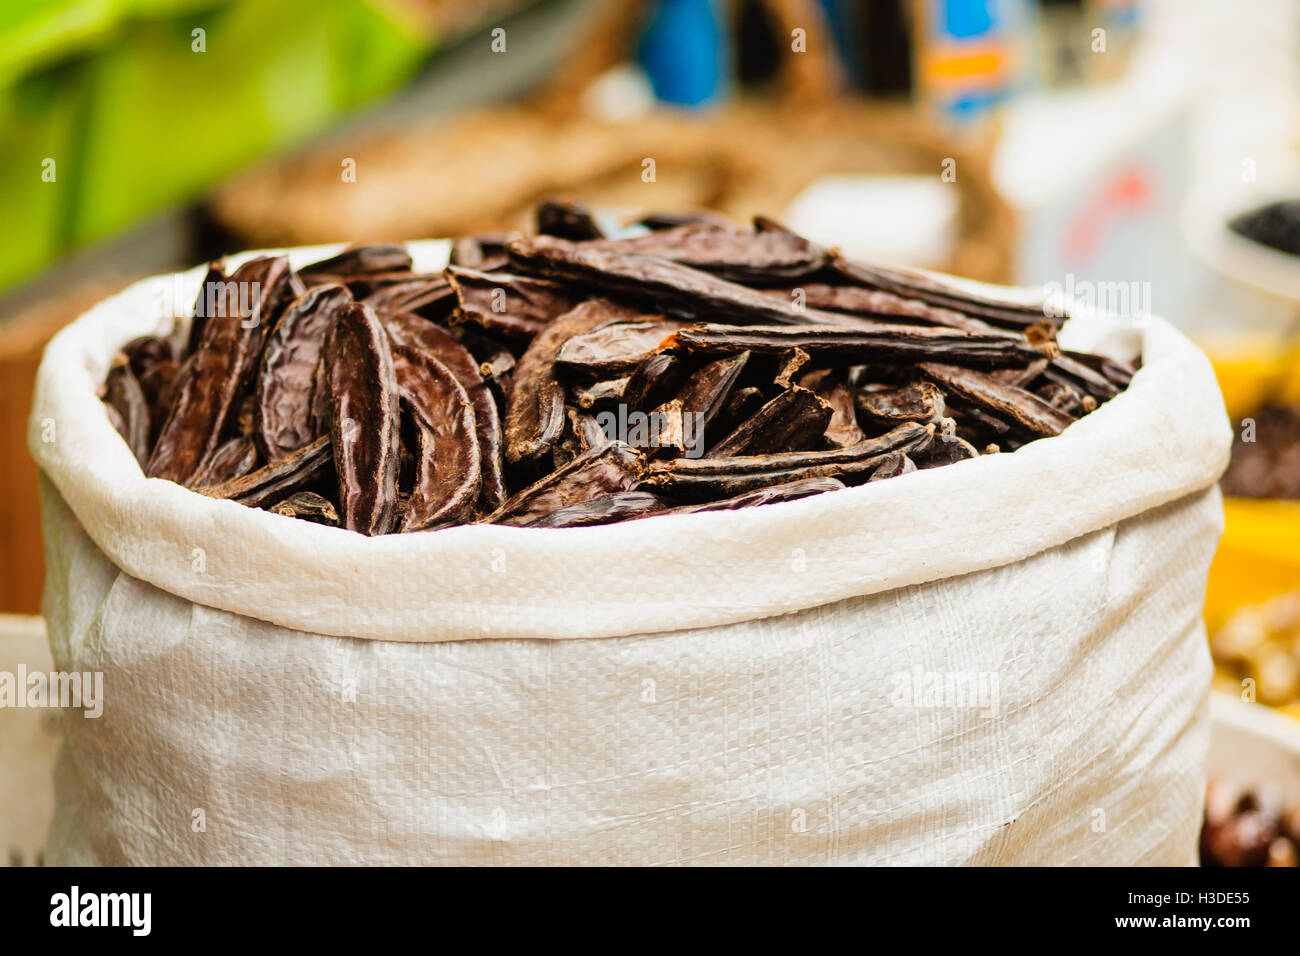 Carob pods on sale in the market Stock Photo
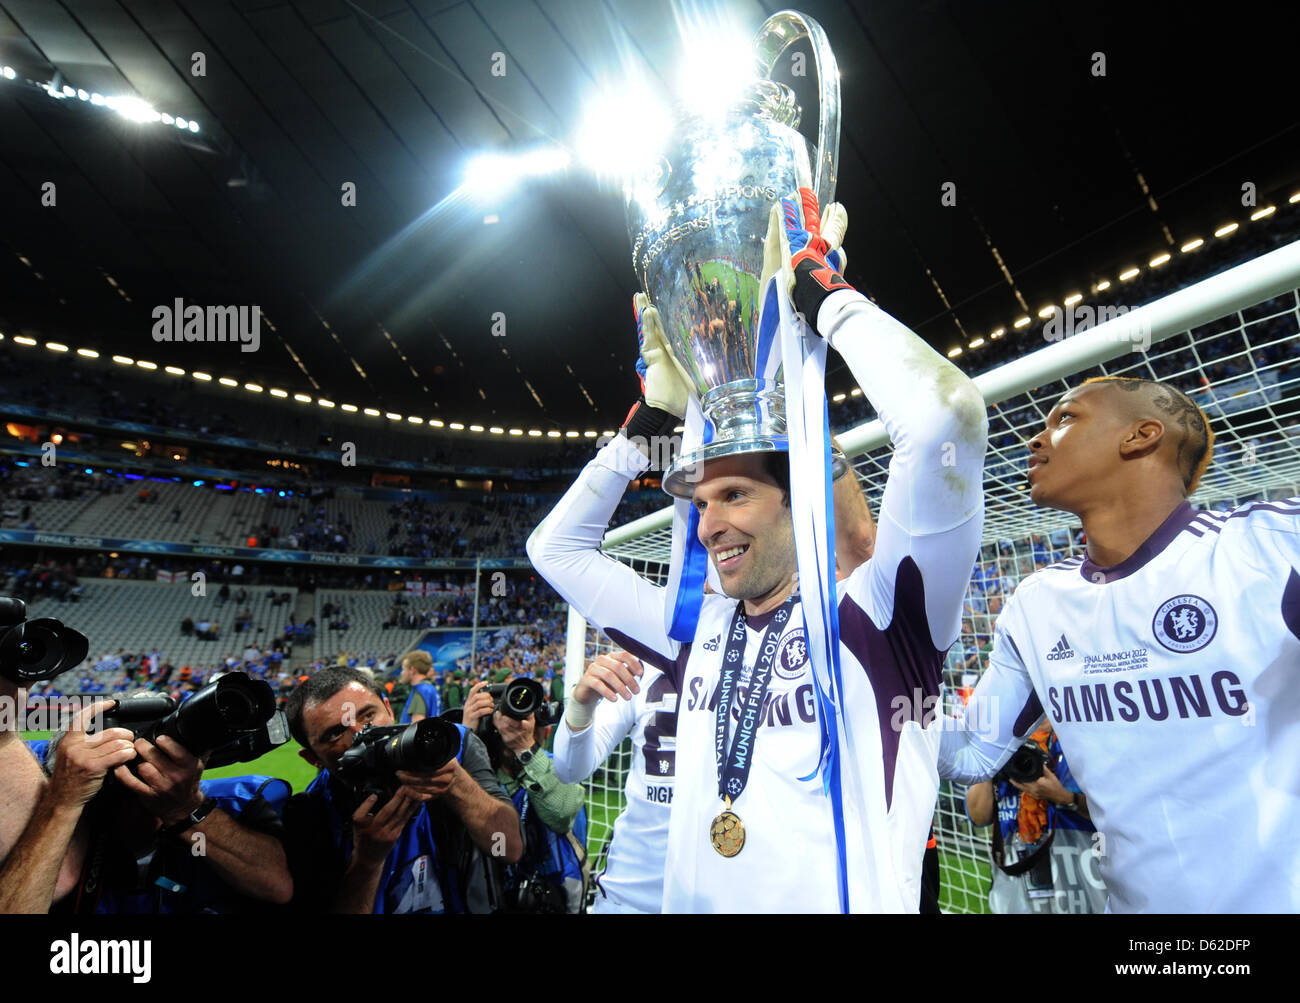 Chelsea's Petr Cech celebrates with the trophy after the UEFA Champions League soccer final between FC Bayern Munich and FC Chelsea at Fußball Arena München in Munich, Germany, 19 May 2012. Photo: Tobias Hase dpa/lby  +++(c) dpa - Bildfunk+++ Stock Photo
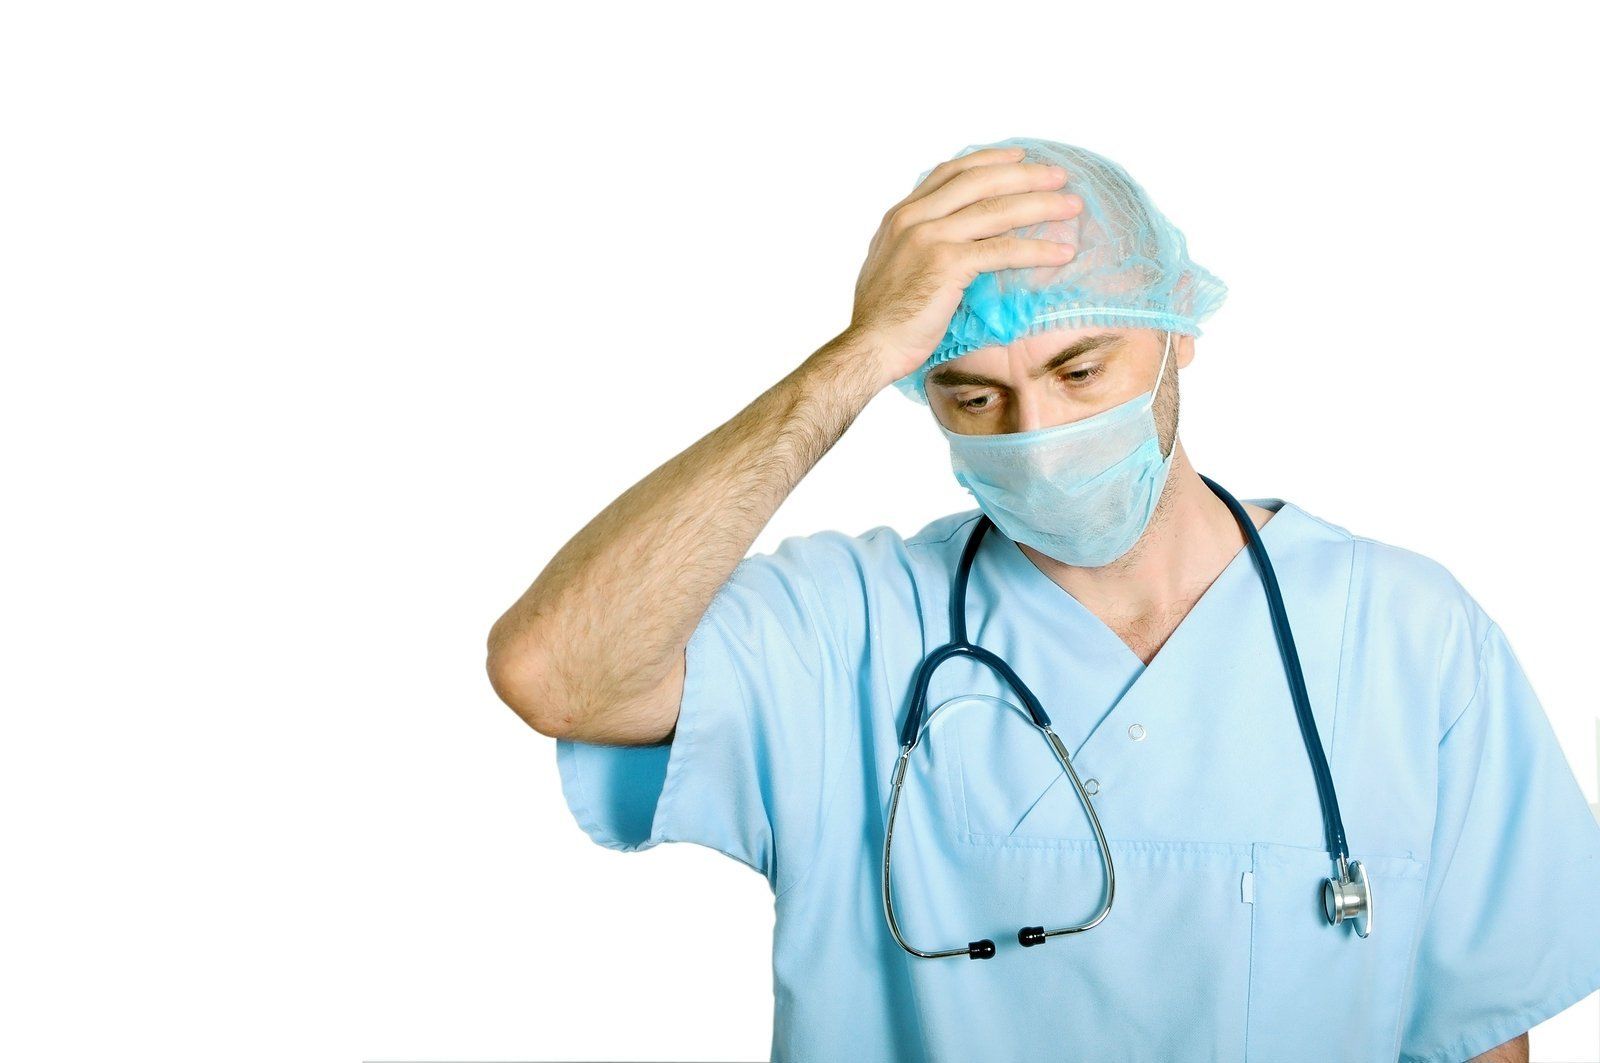 The Director of the CDC denies endorsing N95 masks for health-care workers 2
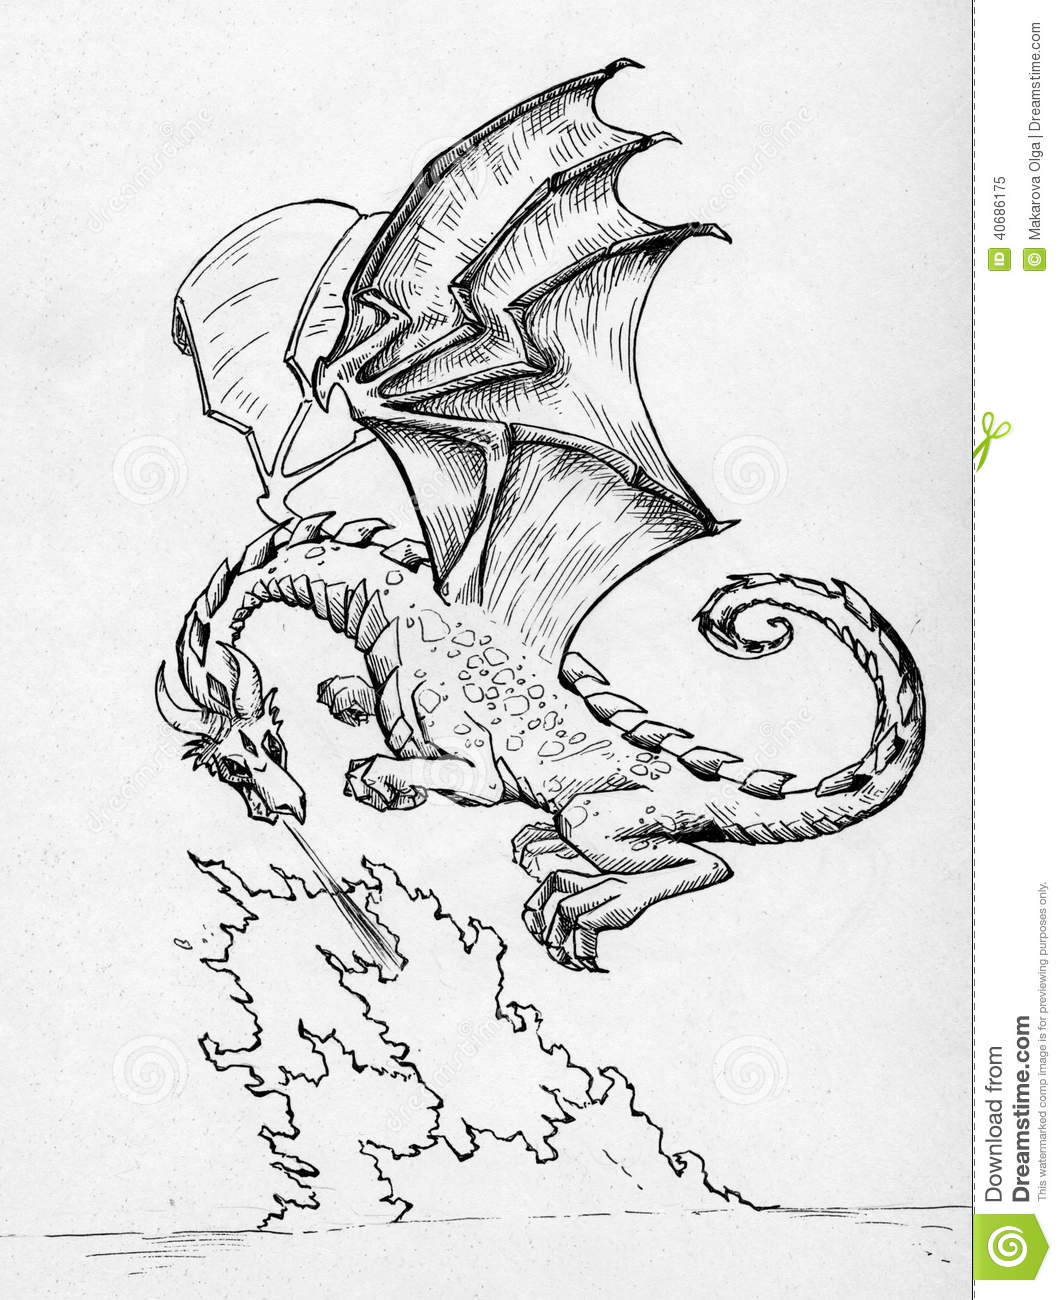 Fire Breathing Dragon Sketch At Explore Collection 3433

◆ **Exercise description**
Would you copy the lines from the one holding "Chelsea's Petr Cech celebrates" down to the last line of the material, both included, exactly and with nothing added, skipping the pictures?

◆ **Task result**
 Chelsea's Petr Cech celebrates with the trophy after the UEFA Champions League soccer final between FC Bayern Munich and FC Chelsea at Fußball Arena München in Munich, Germany, 19 May 2012. Photo: Tobias Hase dpa/lby  +++(c) dpa - Bildfunk+++ Stock Photo
 The Director of the CDC denies endorsing N95 masks for health-care workers 2
 Fire Breathing Dragon Sketch At Explore Collection 3433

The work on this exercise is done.